STORED DATA START

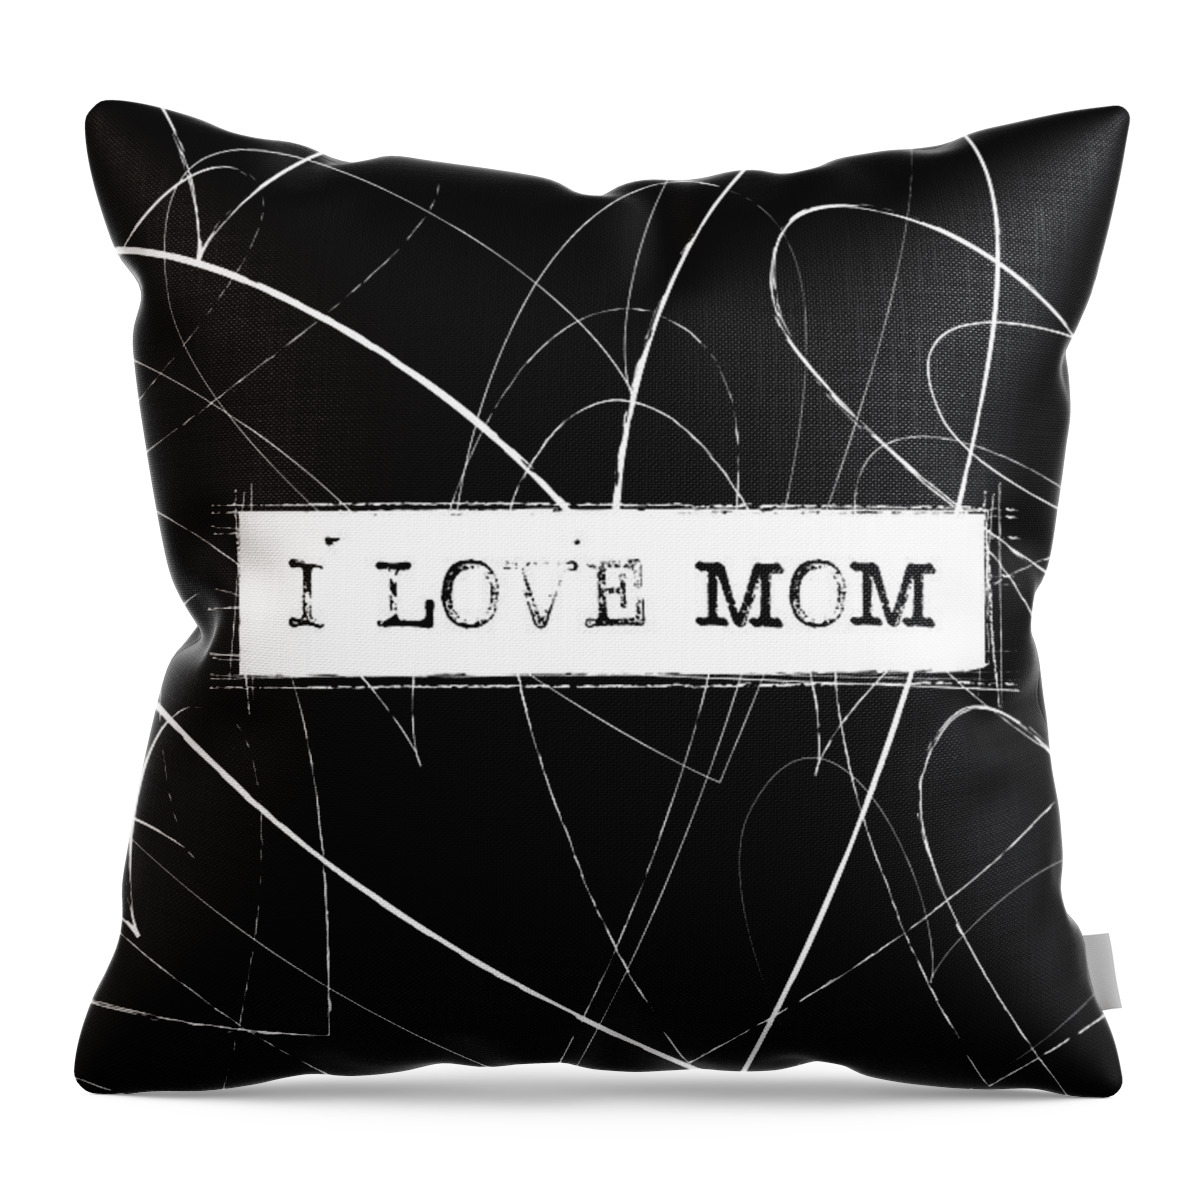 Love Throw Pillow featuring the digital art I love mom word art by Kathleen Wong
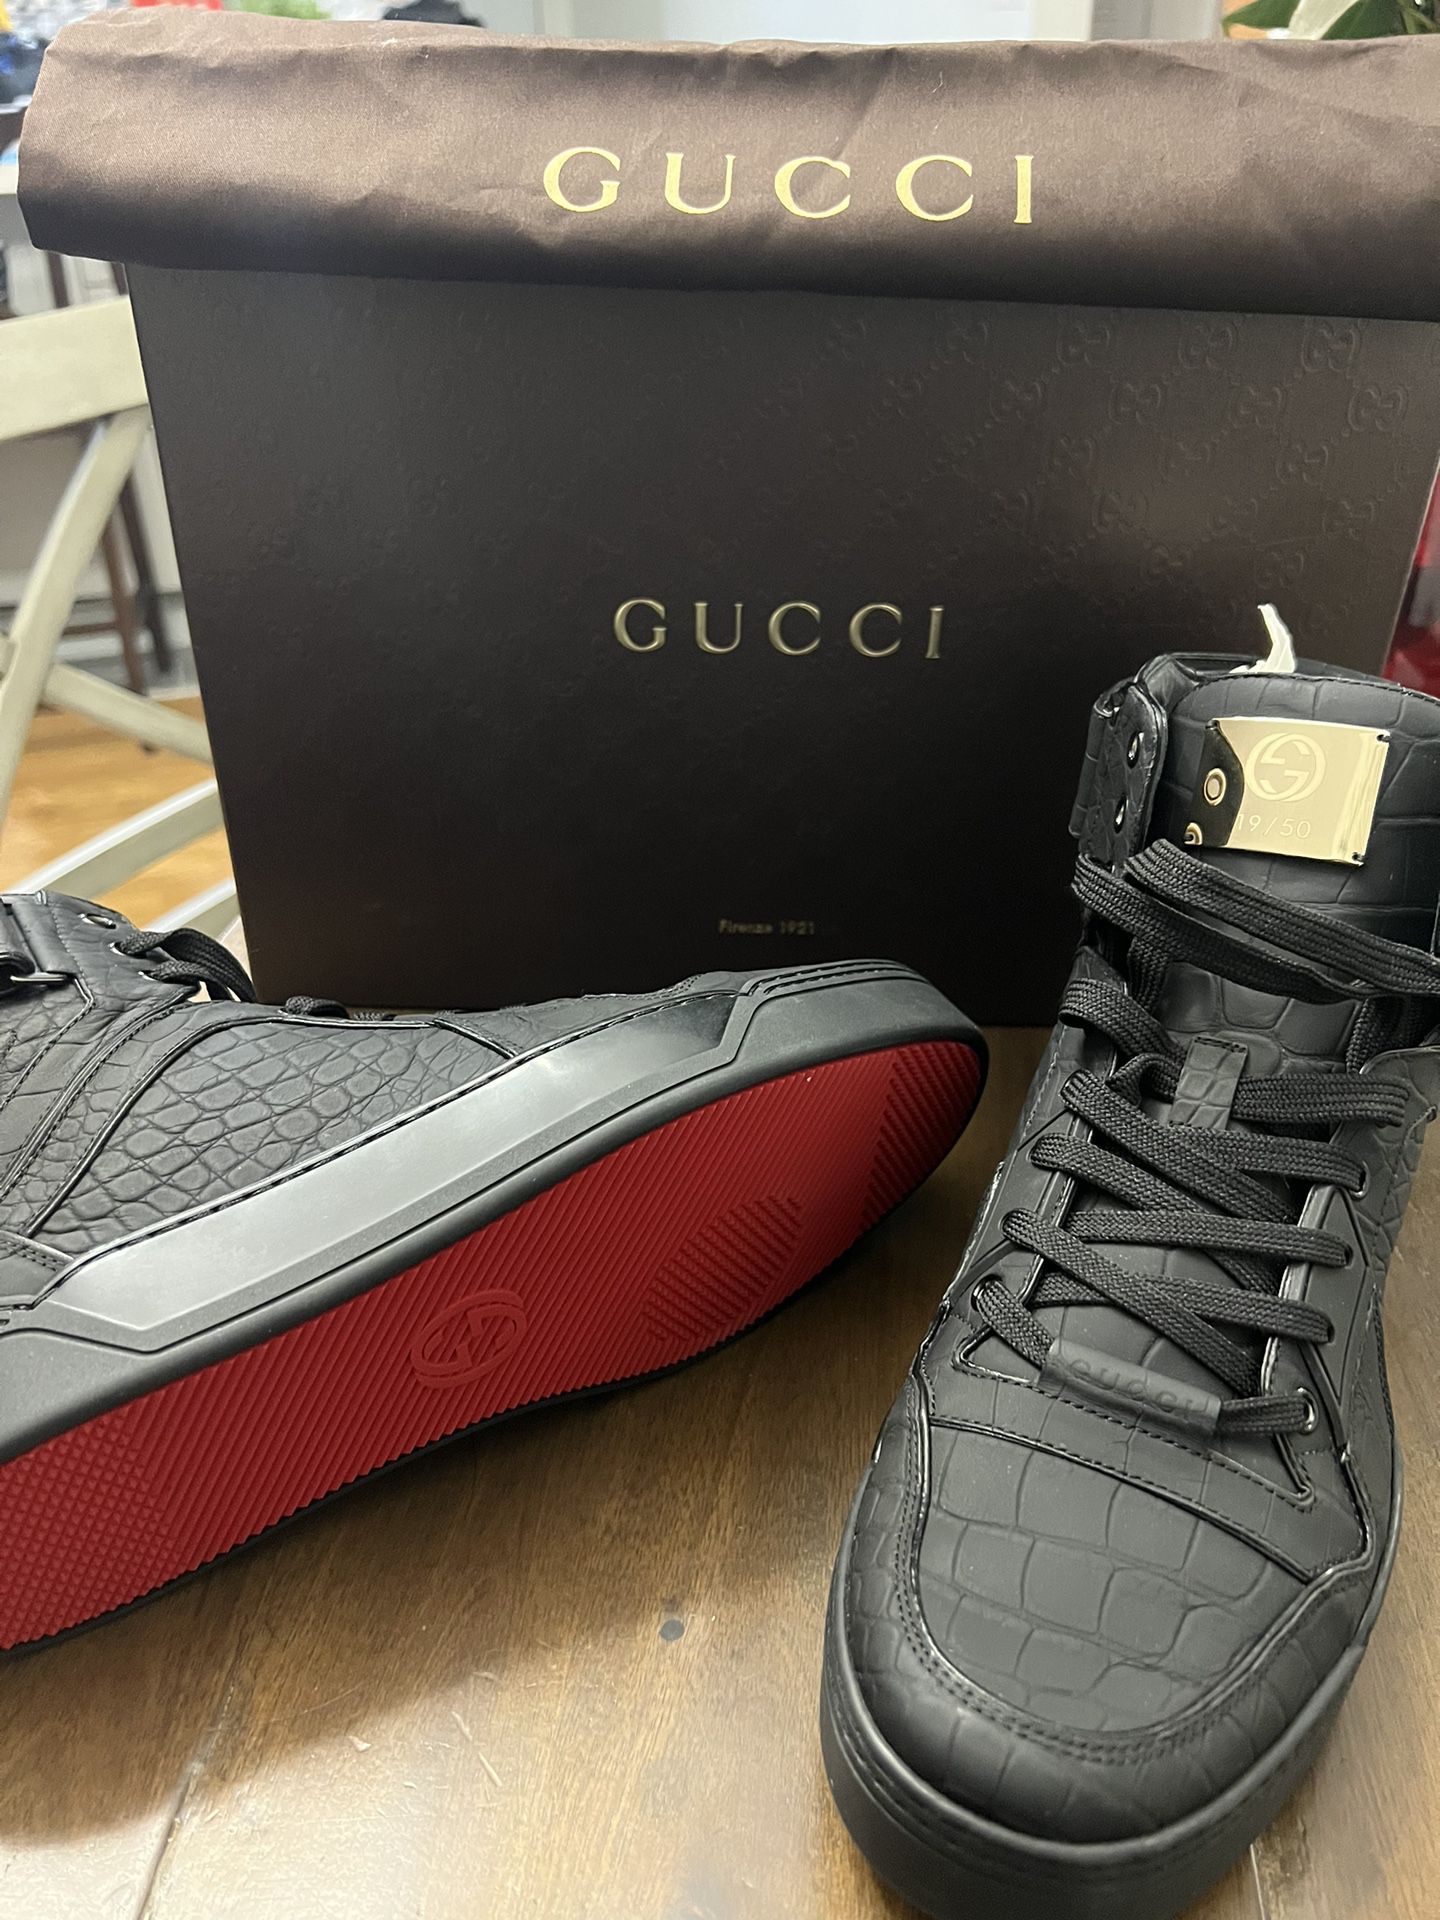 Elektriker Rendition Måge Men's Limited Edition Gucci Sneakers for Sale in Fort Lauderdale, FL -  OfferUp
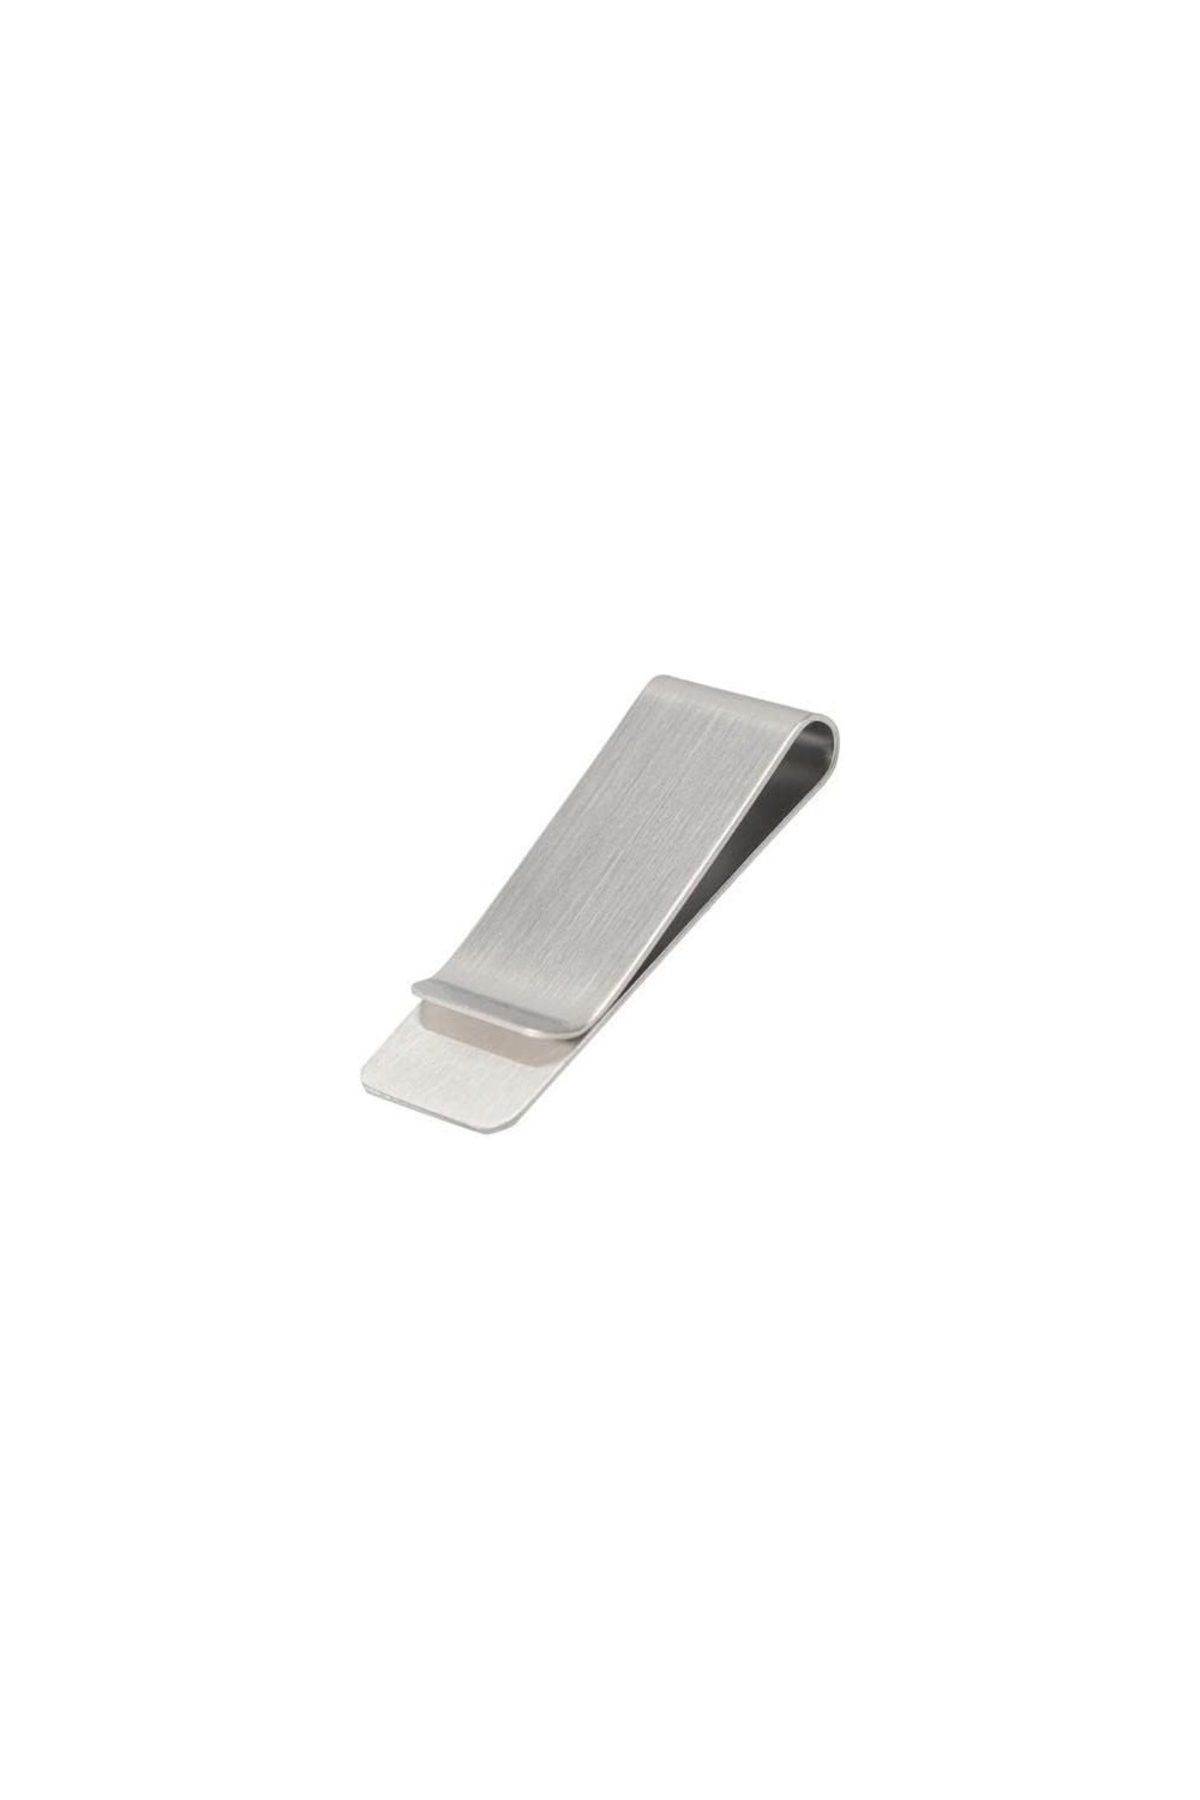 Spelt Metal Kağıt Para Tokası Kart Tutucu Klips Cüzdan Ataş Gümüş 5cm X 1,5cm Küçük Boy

STORED DATA END

Each line from the line containing "Elektriker Rendition Måge" through the final line of the data above must be retyped exactly; nothing else, and no pictures, may appear.

 Elektriker Rendition Måge Men's Limited Edition Gucci Sneakers for Sale in Fort Lauderdale, FL -  OfferUp
 Spelt Metal Kağıt Para Tokası Kart Tutucu Klips Cüzdan Ataş Gümüş 5cm X 1,5cm Küçük Boy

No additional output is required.